GSON将Unicode十六进制转换为UTF 8

t5zmwmid  于 2022-11-06  发布在  其他
关注(0)|答案(2)|浏览(325)

我们有一个包含以下Unicode十六进制值的json文件。

[{
    "name": "Test",
    "description": "\\0x3059\\0x3079\\0x3066\\0x306E Test \\0x30DB\\0x30B9\\0x30C8\\0x7528\\0x306E\\0x30C7\\0x30D5\\0x30A9\\0x30EB\\0x30C8 \\0x30DB\\0x30B9\\0x30C8 \\0x30B0\\0x30EB\\0x30FC\\0x30D7\\0x3002"
  }
]

在使用GSON库阅读时,我们有没有办法将这些Unicode十六进制值转换为UTF-8?
例如:
(读取器,JsonElement.class);

afdcj2ne

afdcj2ne1#

如果我没弄错的话,您的字符串是类似UTF-16的,而不是UTF-8,因为16位代码的前缀是\\0x(我仍然不明白UTF-8和Unicode的神奇之处。)一种可能的解决方案是将整个输入缓冲到字符串缓冲区中,从\\0x\u进行字符串替换,然后让Gson使用新的字符串。不确定这是不是一个好方法,因为字符串替换完全与上下文无关,可能会破坏这样的字符串。另外,字符串替换根本不关心JSON格式语法。
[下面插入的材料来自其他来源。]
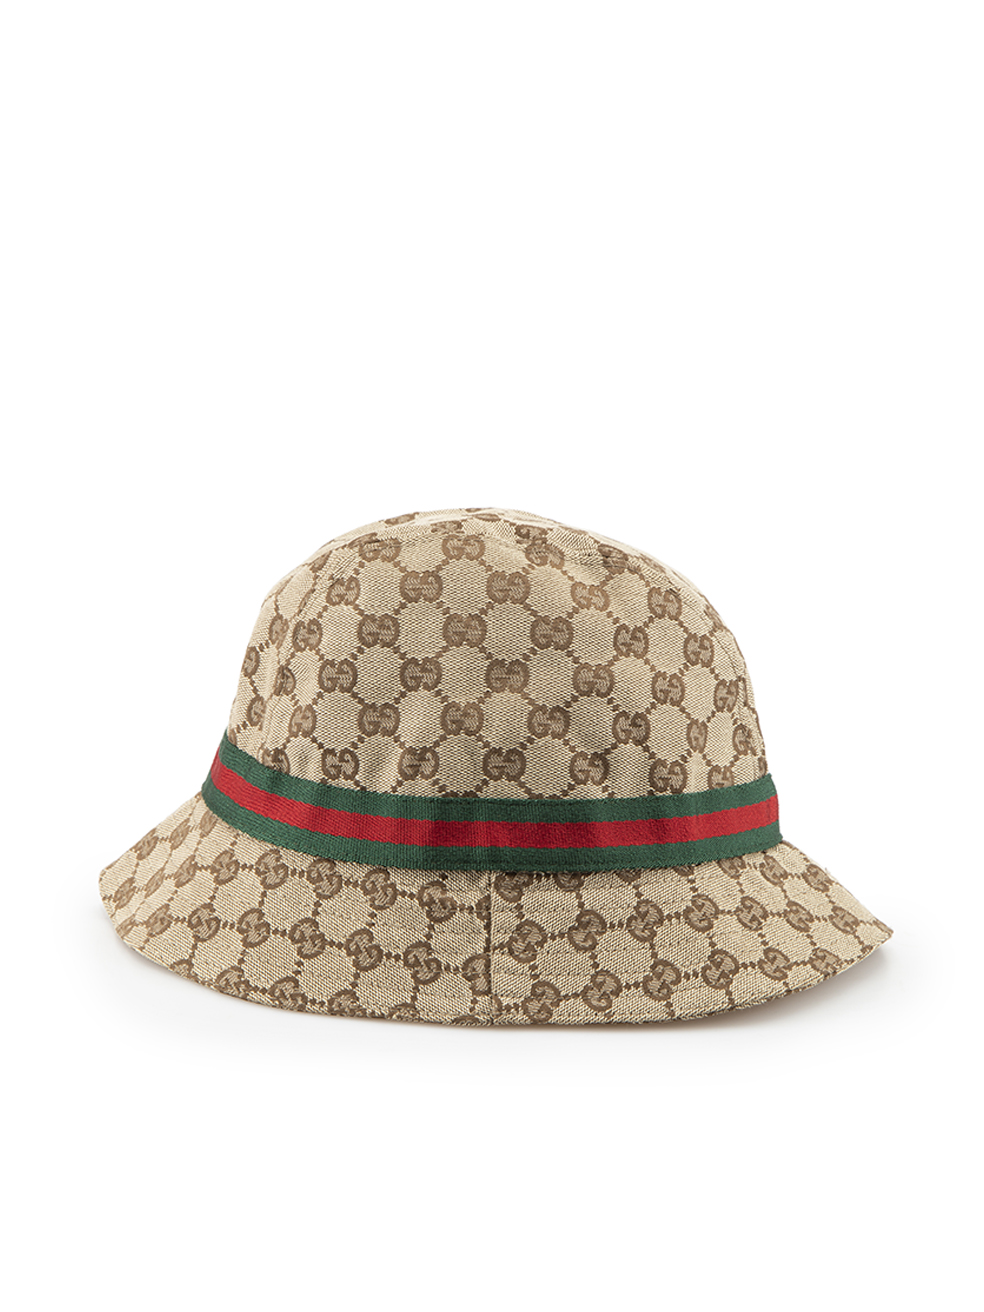 Louis Vuitton bucket hat, Men's Fashion, Watches & Accessories

另一个解决方案是扩展JsonReader,这样Gson就可以自己解码这样的字符串而不破坏JSON语法。
例如:

public final class DecodingJsonReader
        extends JsonReader {

    private final Function<? super CharSequence, String> nameDecoder;
    private final Function<? super CharSequence, String> stringDecoder;

    private DecodingJsonReader(@WillClose final Reader in, final Function<? super CharSequence, String> nameDecoder,
            final Function<? super CharSequence, String> stringDecoder) {
        super(in);
        this.nameDecoder = nameDecoder;
        this.stringDecoder = stringDecoder;
    }

    public static JsonReader create(@WillClose final Reader in, final Function<? super CharSequence, String> nameDecoder,
            final Function<? super CharSequence, String> stringDecoder) {
        return new DecodingJsonReader(in, nameDecoder, stringDecoder);
    }

    @Override
    public String nextName()
            throws IOException {
        return nameDecoder.apply(super.nextName());
    }

    @Override
    public String nextString()
            throws IOException {
        return stringDecoder.apply(super.nextString());
    }

}

下面的解码器对\0x-前缀数的下四个字符不是十六进制数的情况失败。索引边界检查被委托给使用中的对象。当然,这是一个很大的改进领域。它的StringBuilder被重用(不确定,但这可能会保存一些性能?)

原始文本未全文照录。